A case of rapidly progressive glomerulonephritis with double-positive anti-GBM antibody and MPO-ANCA after SARS-CoV-2 vaccination and relapse during 1 year follow-up

Kanako Terakawa 1, Takahito Niikura 1, Daisuke Katagiri 1,, Akiho Sugita 1, Tatsuya Kikuchi 1, Ayaka Hayashi 1, Minami Suzuki 1, Hideki Takano 1
PMCID: PMC10133896  PMID: 37103638

Abstract

Although mRNA vaccines for COVID-19 are highly beneficial and are recommended for patients with kidney disease, adverse reactions in some patients after vaccination have been problematic. Various vasculitis and renal disorders have been reported after vaccination; however, a causal relationship has not yet been identified. In this report, we describe a case of rapidly progressive glomerulonephritis that developed after SARS-CoV-2 vaccination, in which both anti-glomerular basement membrane (anti-GBM) and myeloperoxidase antineutrophil cytoplasmic antibodies (MPO-ANCA) were present. The patient’s renal biopsy showed that of the 48 glomeruli in total, four showed global sclerosis and none showed segmental sclerosis. The biopsy showed 11 cellular glomerular crescents and 5 fibrocellular glomerular crescents. Renal function improved with steroids, rituximab, and plasma exchange. Approximately 9 months later, MPO-ANCA was again elevated, and the pulmonary lesions worsened, again requiring multidisciplinary treatment. This case suggests that caution should be exercised in the development of double-positive disease after vaccination, and that long-term observation may be necessary because of the possibility of relapse.
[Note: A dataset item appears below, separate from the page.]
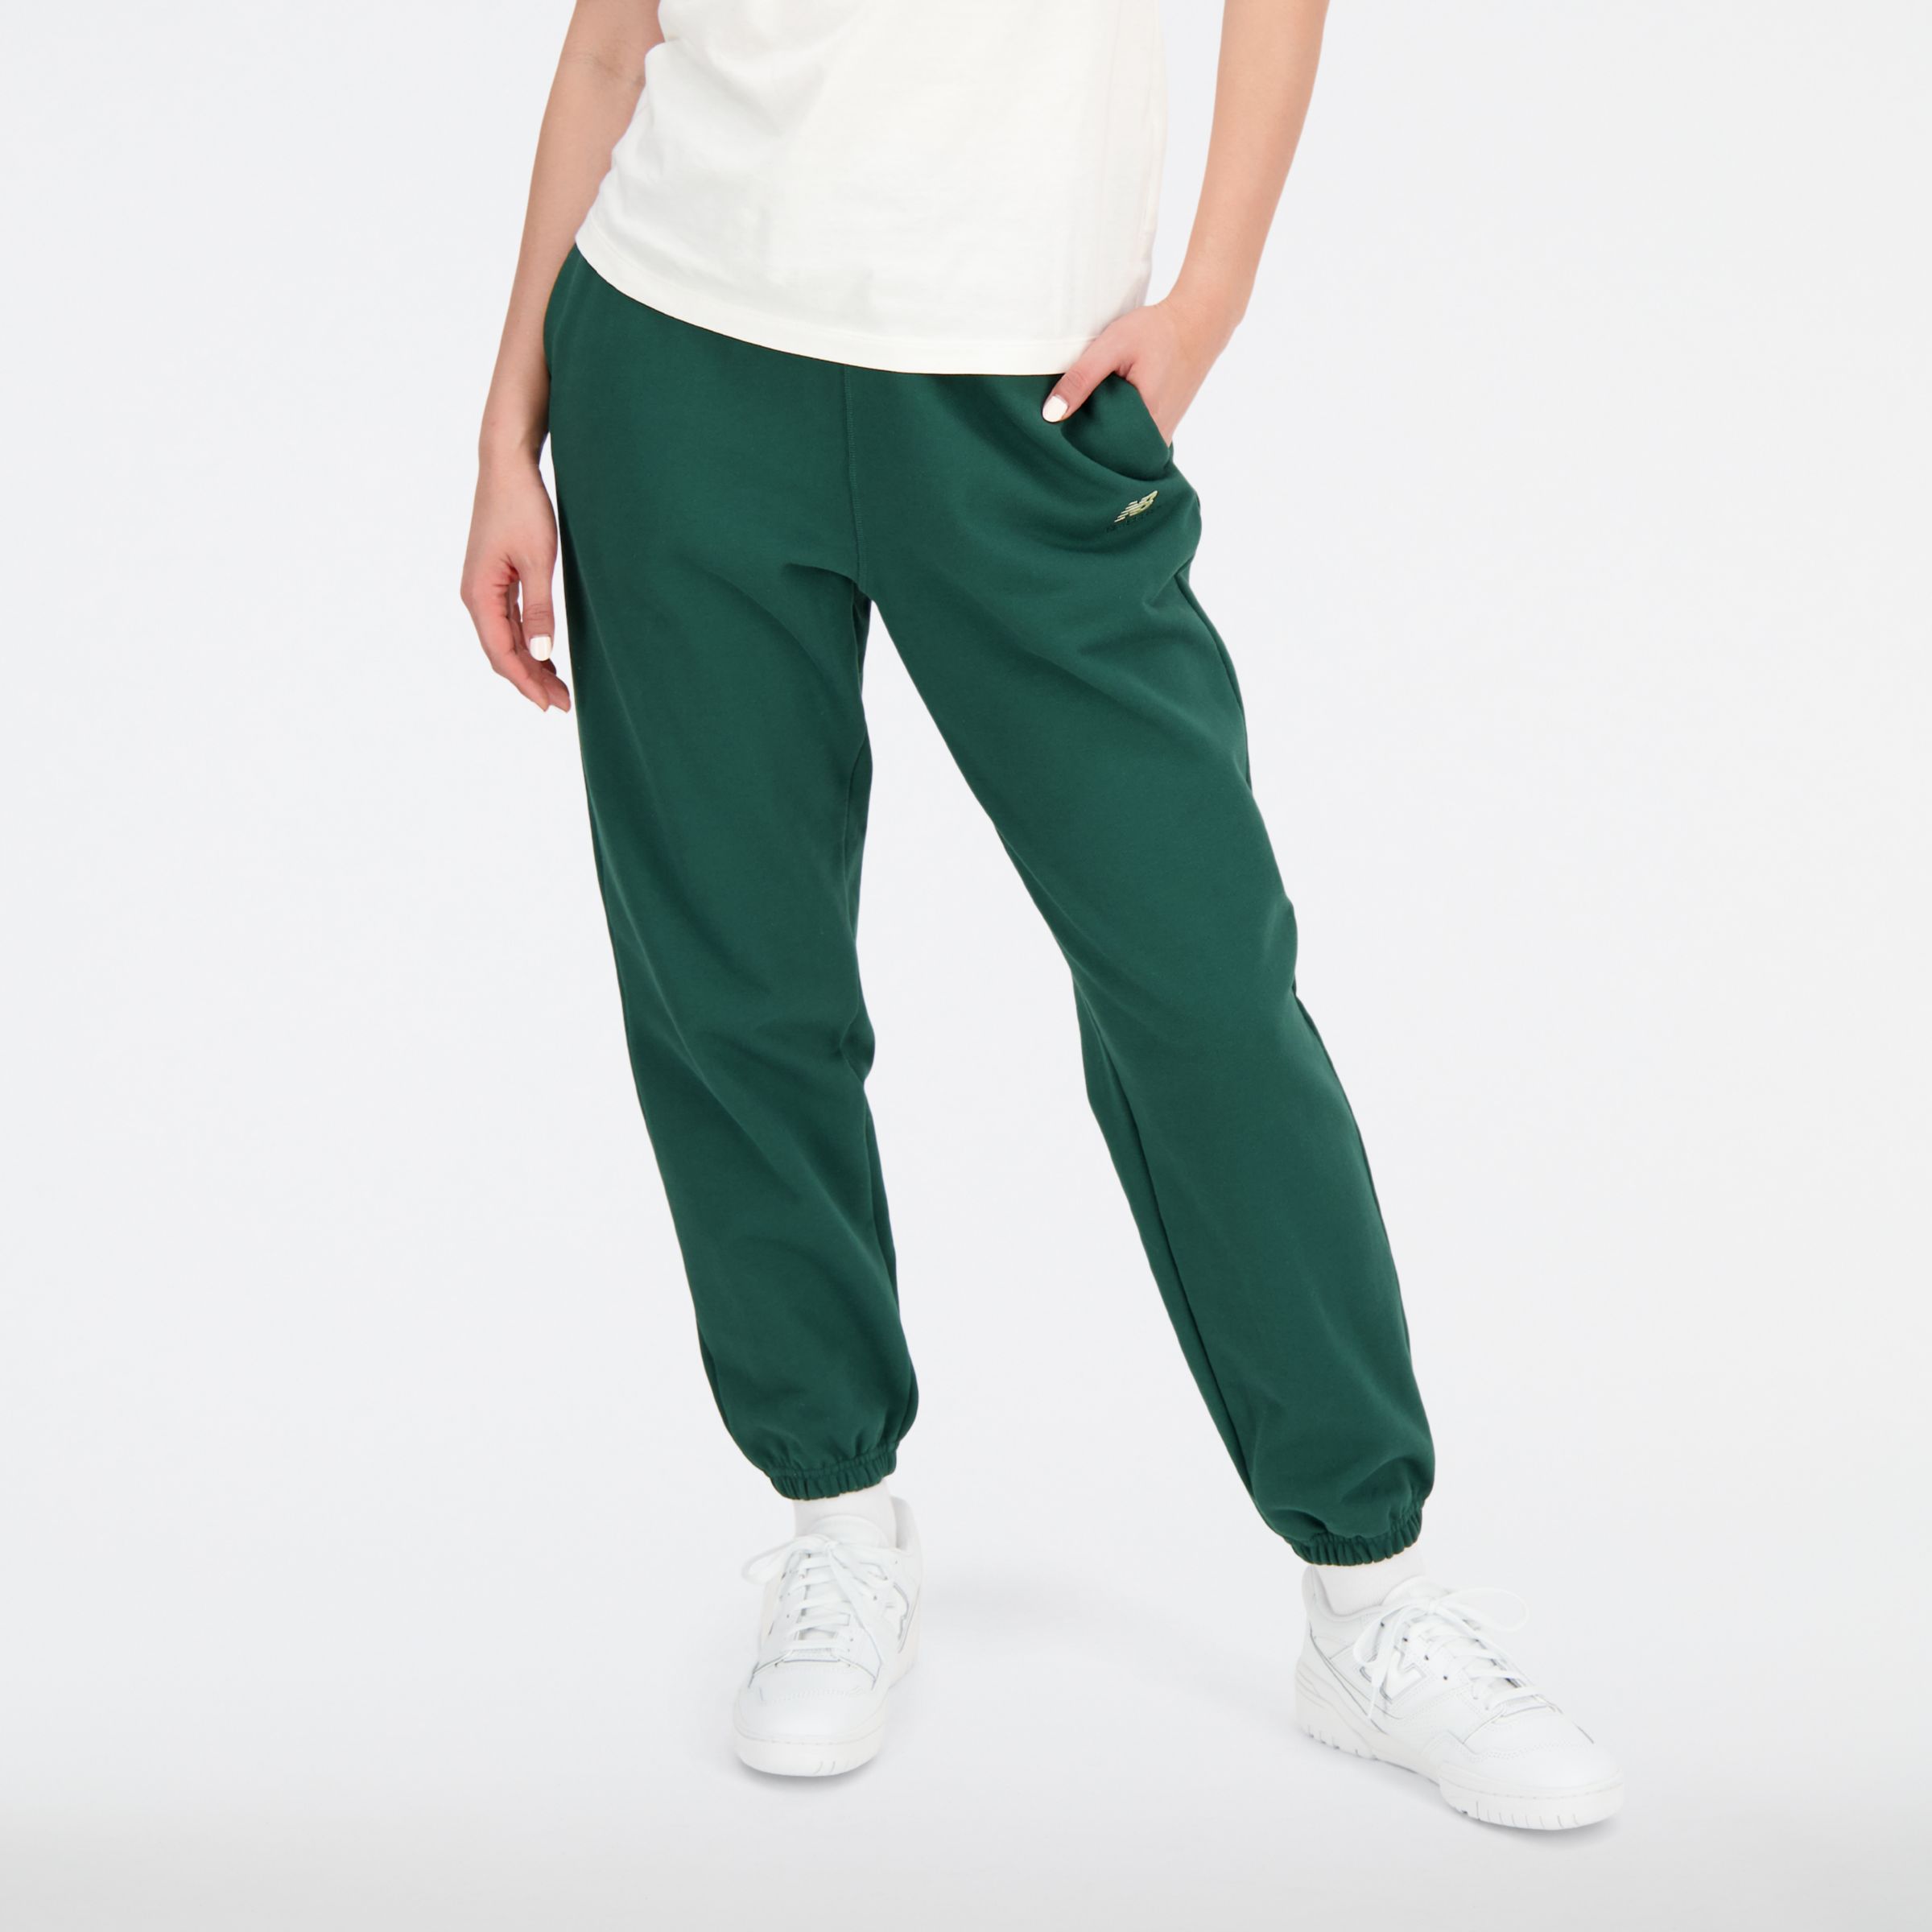 

New Balance Women's Sport Essentials Premium Fleece Pant Green - Green
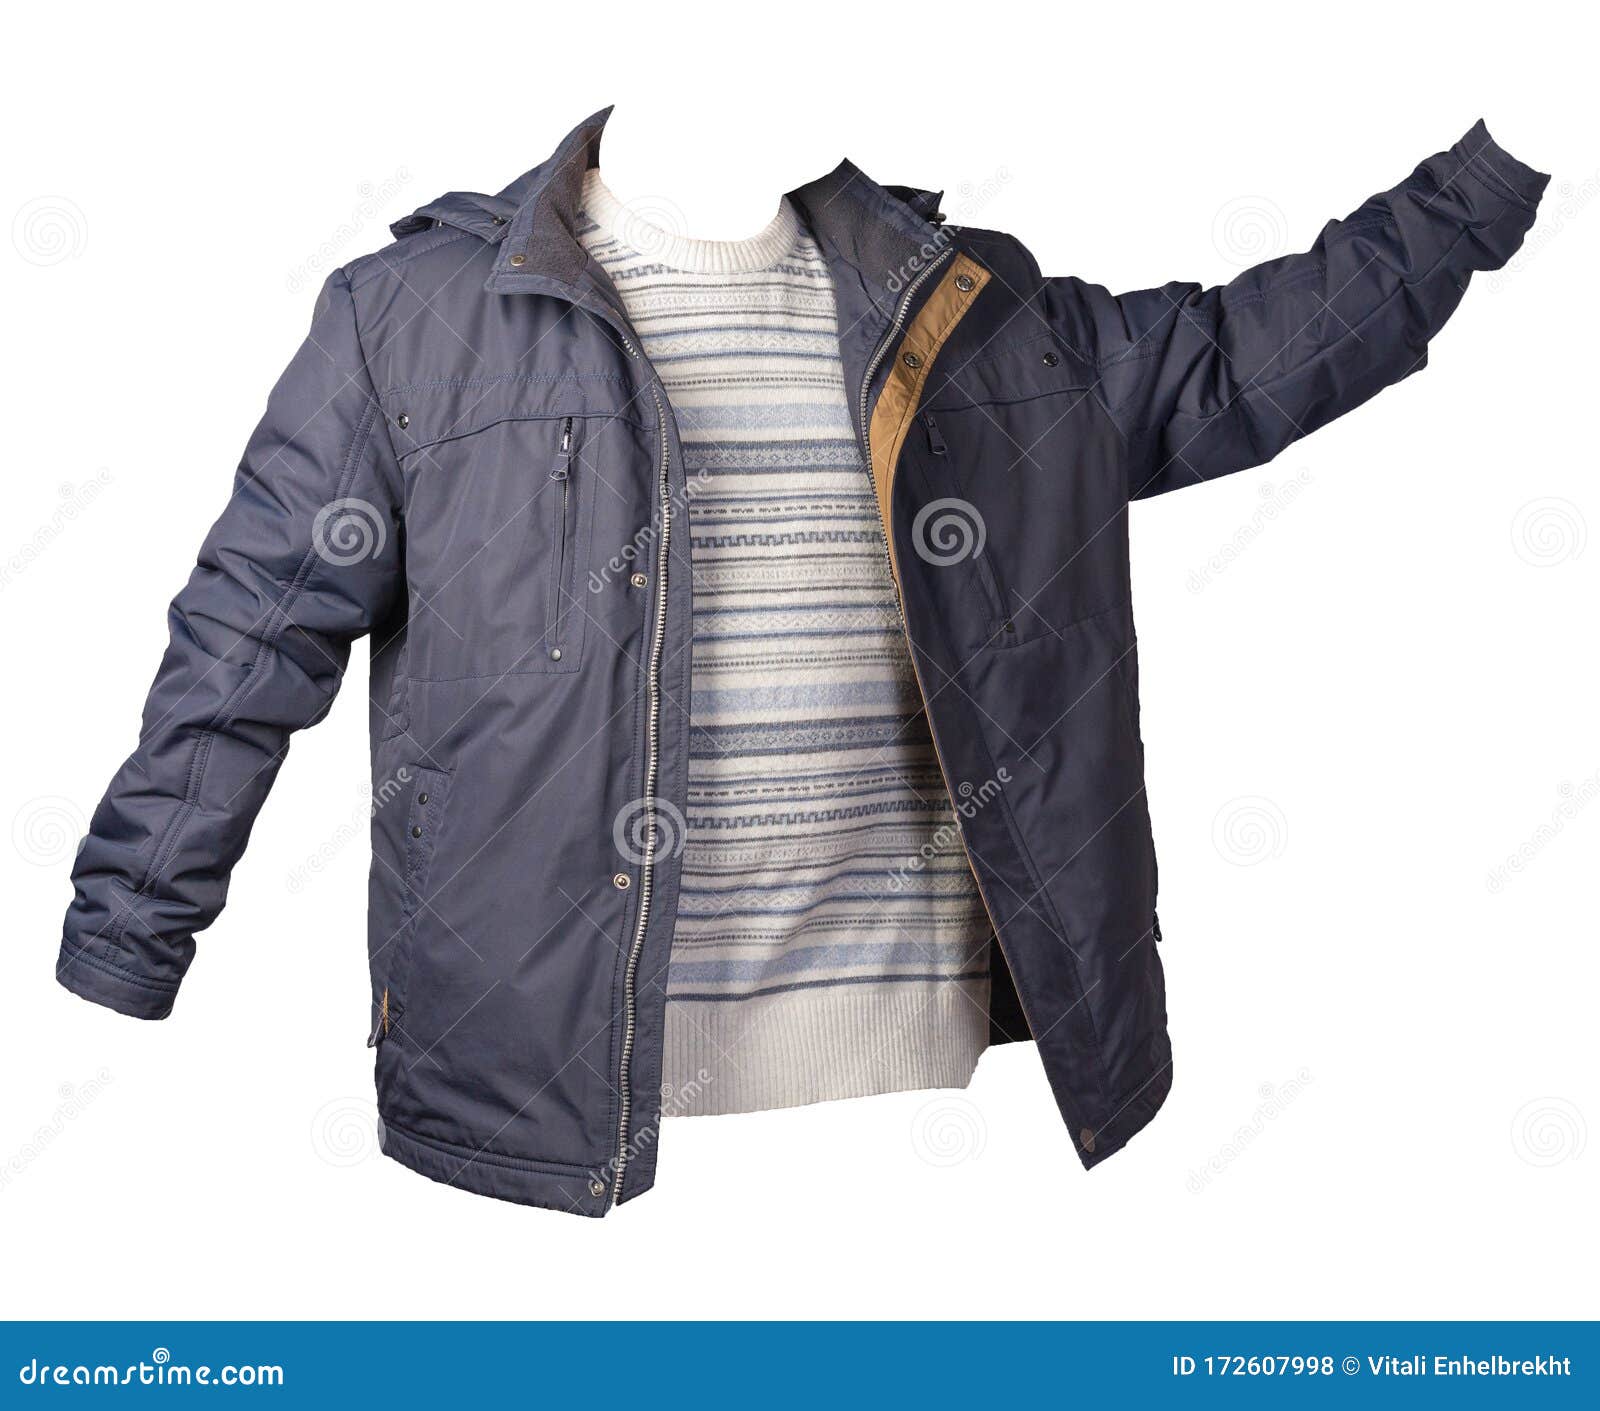 Jacket and Sweater Isolated on White Background Stock Photo - Image of ...

Keywords: SARS-CoV-2 vaccination, MPO-ANCA, Anti-GBM disease

Introduction

Anti-glomerular basement membrane (GBM) disease and ANCA-associated vasculitis (AAV) are rare conditions. However, the co-presentation of both anti-GBM and ANCA antibodies in individual patients is well-recognized and occurs at a much higher frequency than would be expected by chance alone. This “double-positive” phenomenon was first reported within a few years of the first description of ANCA in the 1980s. Various studies have reported that between 21 and 47% of patients with anti-GBM disease are double-positive for ANCA [1].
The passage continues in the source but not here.